A new research paper from the University of Maryland has cast doubts on the reliability of current techniques for detecting AI-generated text. The paper empirically and theoretically analyzes state-of-the-art detectors based on watermarking, zero-shot learning, trained classifiers, and retrieval methods. Through experiments and theoretical results, the authors demonstrate vulnerabilities in all these approaches when faced with practical attacks.
The main findings of the paper are:
- Paraphrasing attacks using simple neural network models can remove detectable patterns from AI text and evade detection. This holds even for retrieval-based defenses designed to be robust to paraphrasing.
- There is a fundamental limit to how well even the best possible detector can distinguish human vs AI text. As language models improve and their outputs become more human-like, the gap in performance between the best detector and random guessing diminishes.
- Existing techniques based on watermarking and retrieval can be spoofed by humans to make genuine text be flagged as AI-generated.

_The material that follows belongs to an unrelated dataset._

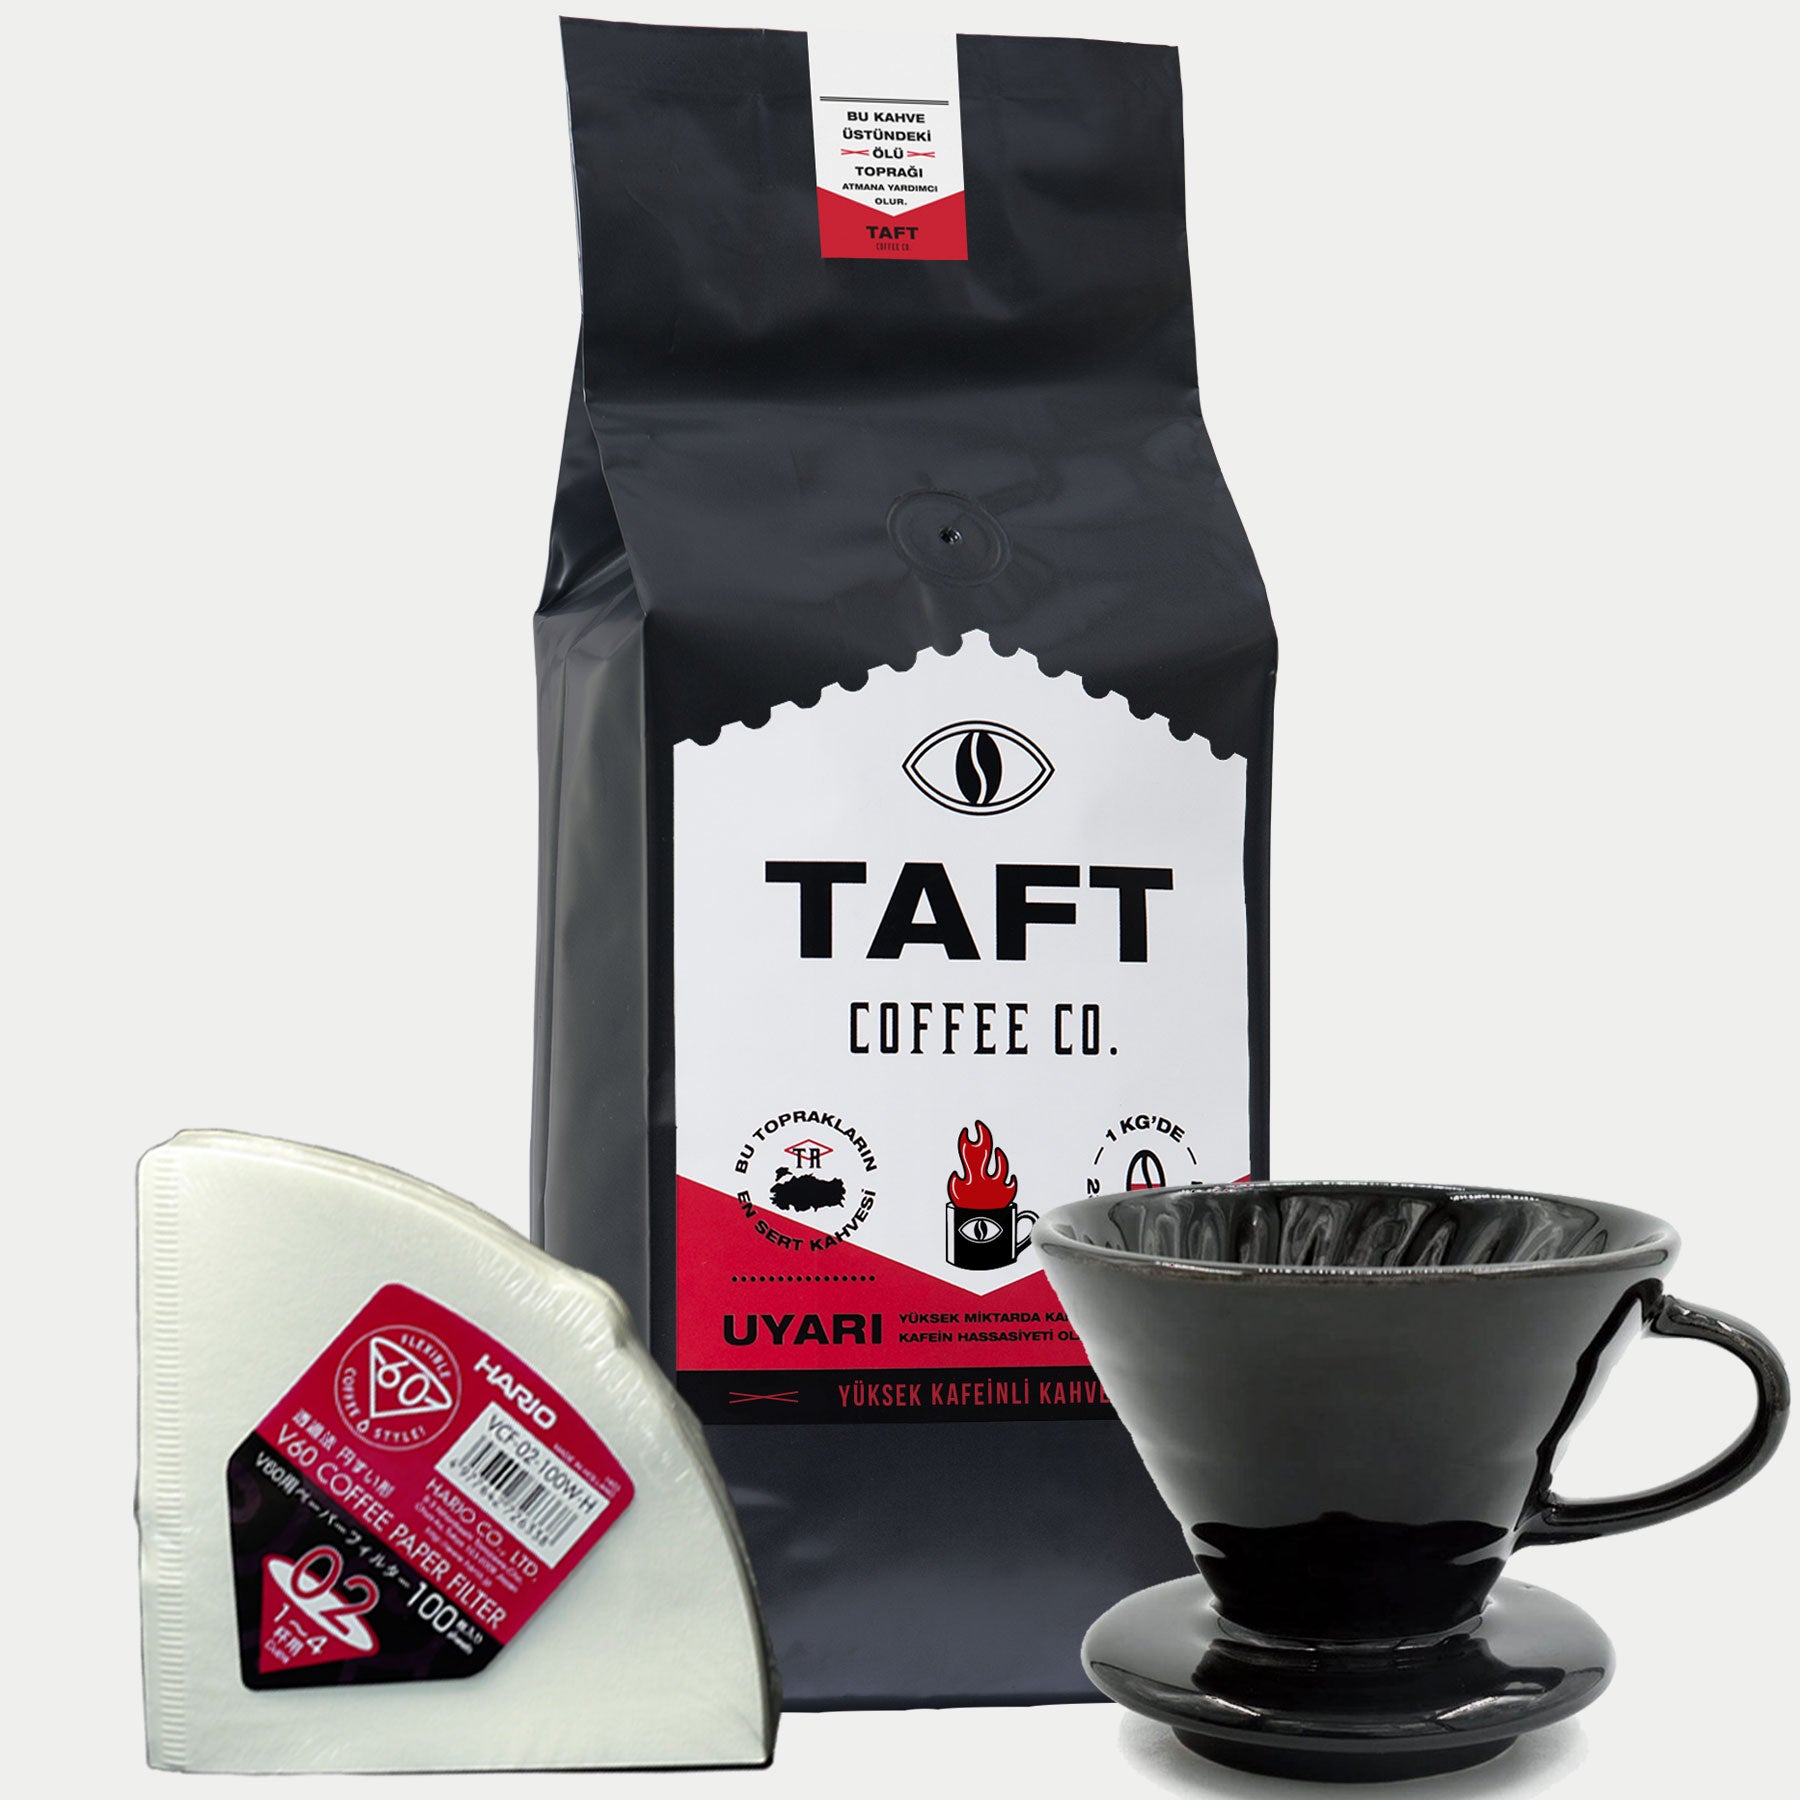 TAFT Coffee Yüksek Kafeinli siyah v60 Filtre Kahve Seti 500gr

This raises the risk of falsely accusing humans of using AI tools.
The implications of the paper are far-reaching. Reliable detection of AI text is crucial to prevent misuse through plagiarism, spamming, fake reviews etc. However, current techniques are shown to be inadequate. Deploying unreliable detectors in real-world applications could do more harm than good.
The authors recommend an open discussion around developing ethical AI systems where text generation capabilities do not have to be sacrificed for better detection. With powerful models like GPT-4 now available, the stakes around AI authenticity are higher than ever. More research is critical to make AI text detection reliable, unbiased and spoofing-resistant before deployment. Till then, claims of effective AI detection need to be taken with a grain of salt.